We had a fabulous time, and it was so much fun seeing the city with Sarah, who had never been there before, is very enthusiastic, and loves to eat good food and drink good wine, both of which we had in abundance. I was musing about how if something happened to Jim, maybe I would like to find a nice Frenchman who had a lovely apartment in Paris and who spoke good English.
"Um, but Mom," Sarah said, "aren't French men supposed to be sort of ... jerks?"
"Maybe as a rule," I said, "but not this one."
"Are you sure?"
"Sarah, do you know what he says to me?"
"He says, "'Marie, tu est parfait.'"
Well, she had to admit he sounded pretty good. I was getting a little irritated at Jim, who has never once told me I was parfait, or even perfect, but then I realized I had to cut him a little slack since I'd made up my French second husband out of whole cloth.

But after a while, the memory of all those svelte French women faded away, and I decided I would lose weight at some later time. Anyway, would eats more bread than the French? It's clearly not bread that is the culprit.
(I wasn't totally away from my oven last week--I baked a big pan of brownies and three dozen oatmeal raisin cookies for the volunteers at the Minneapolis Obama headquarters, but I forgot to take pictures. They were good, though). The King Arthur brownie recipe is excellent.
In fact, it was the King Arthur brownie recipe that led me to the bread I made this weekend. I had been trying to decide whether to bake a rye bread or a semolina bread, so when I saw the recipe for Chewy Semolina Rye Bread, I knew that was the Bread of the Week.
The bread calls for three flours: rye, semolina (I used durum--maybe the coarser semolina would have worked better here), and bread flour, along with a little sugar, olive oil, water, yeast, and vital wheat gluten. The only change I made was to substitute caraway seeds for dried onion flakes. (Because rye bread isn't rye bread without caraway seeds, in my opinion, and I have a food-snobbish objection to dried onion flakes).
This is a much easier bread to make than Rose's rye bread recipes or her recipes using durum wheat flour, but the extra steps in her recipes more than pay off. This bread was good--it's pretty hard to have a loaf of freshly baked bread that doesn't have something to recommend it--but it's definitely not a great bread.
All the ingredients are mixed together and kneaded briefly. (Rose's recipes generally call for longer kneading, less yeast, slower rising, and more periods of rest). It rises only once in the bowl, for only about an hour.
Then it's shaped, and it rises again for another hour or so. (Rose's breads usually have a total of three rises).

Then, after it's risen, you cover it quickly with an egg wash, slash it, and bake it.

After I made my first slash, I realized that the bread already was forming a natural slash lengthwise down the middle of the loaf, and that I should have just emphasized that. But it was too late for thinking.

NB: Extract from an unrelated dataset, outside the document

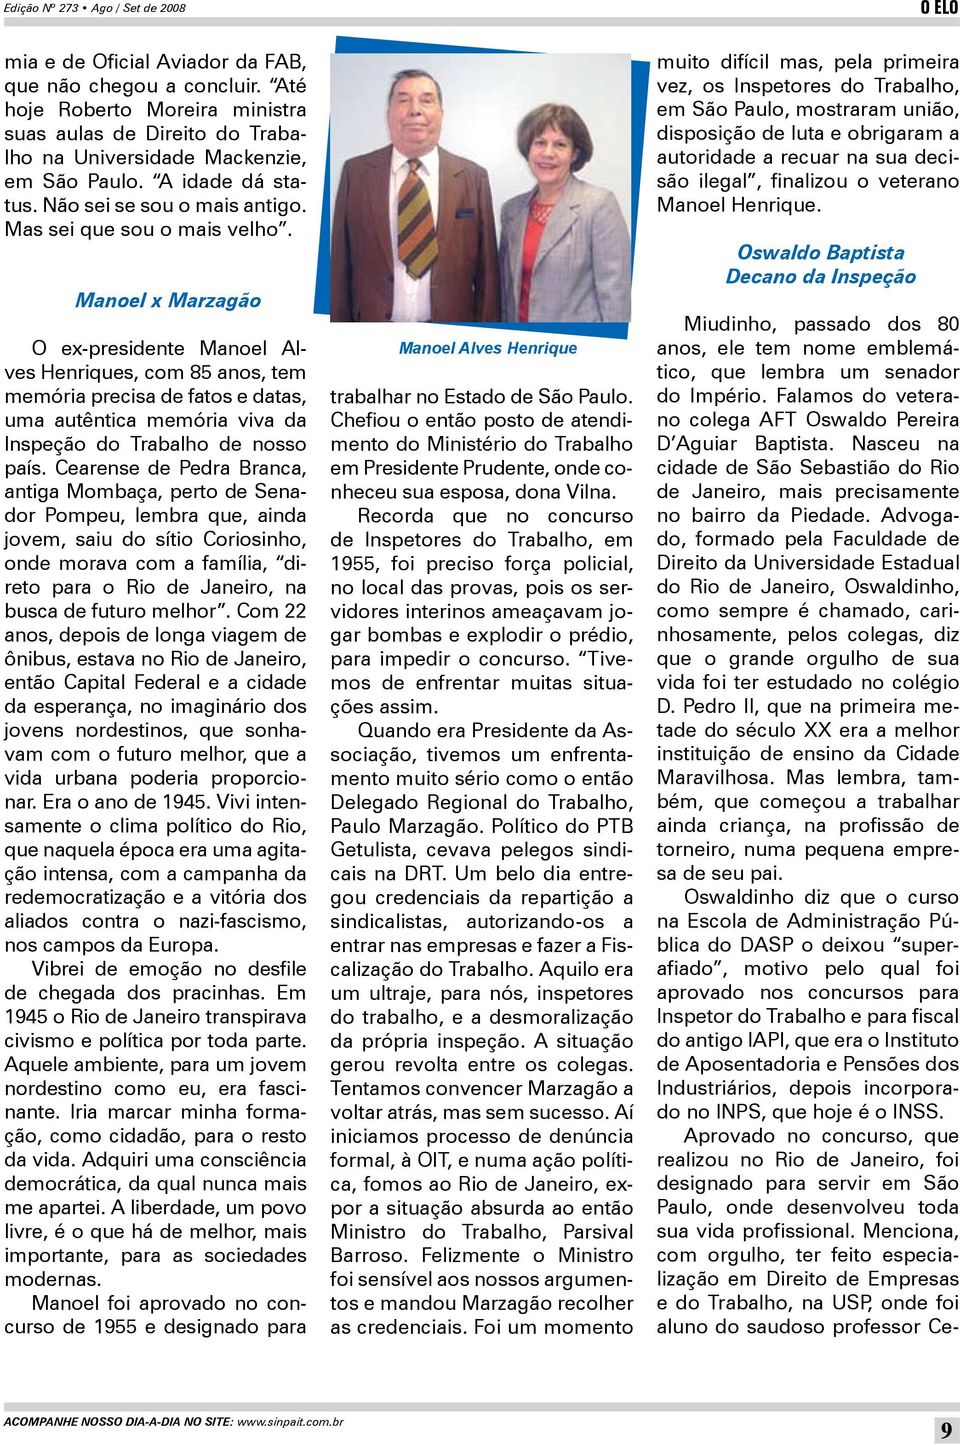 Manoel x Marzagão O ex-presidente Manoel Alves Henriques, com 85 anos, tem memória precisa de fatos e datas, uma autêntica memória viva da Inspeção do Trabalho de nosso país.

It was nice to have a loaf of fresh bread again. But the delicate taste of durum flour, which is what I love about it, was totally overwhelmed by the rye flour and caraway seeds, which is, after all, what I love about rye bread. But, as it turned out, there seemed to be no particular advantage to mixing the two; I was hoping that the combination would somehow be synergistic, but no such luck. Even though I used my burst-of-steam gadget, this loaf was not a good crusty loaf of bread--its crust was more like that of a sandwich loaf than a peasant loaf. It was chewy and it tasted good, but it was not the spectacular bread I was hoping for.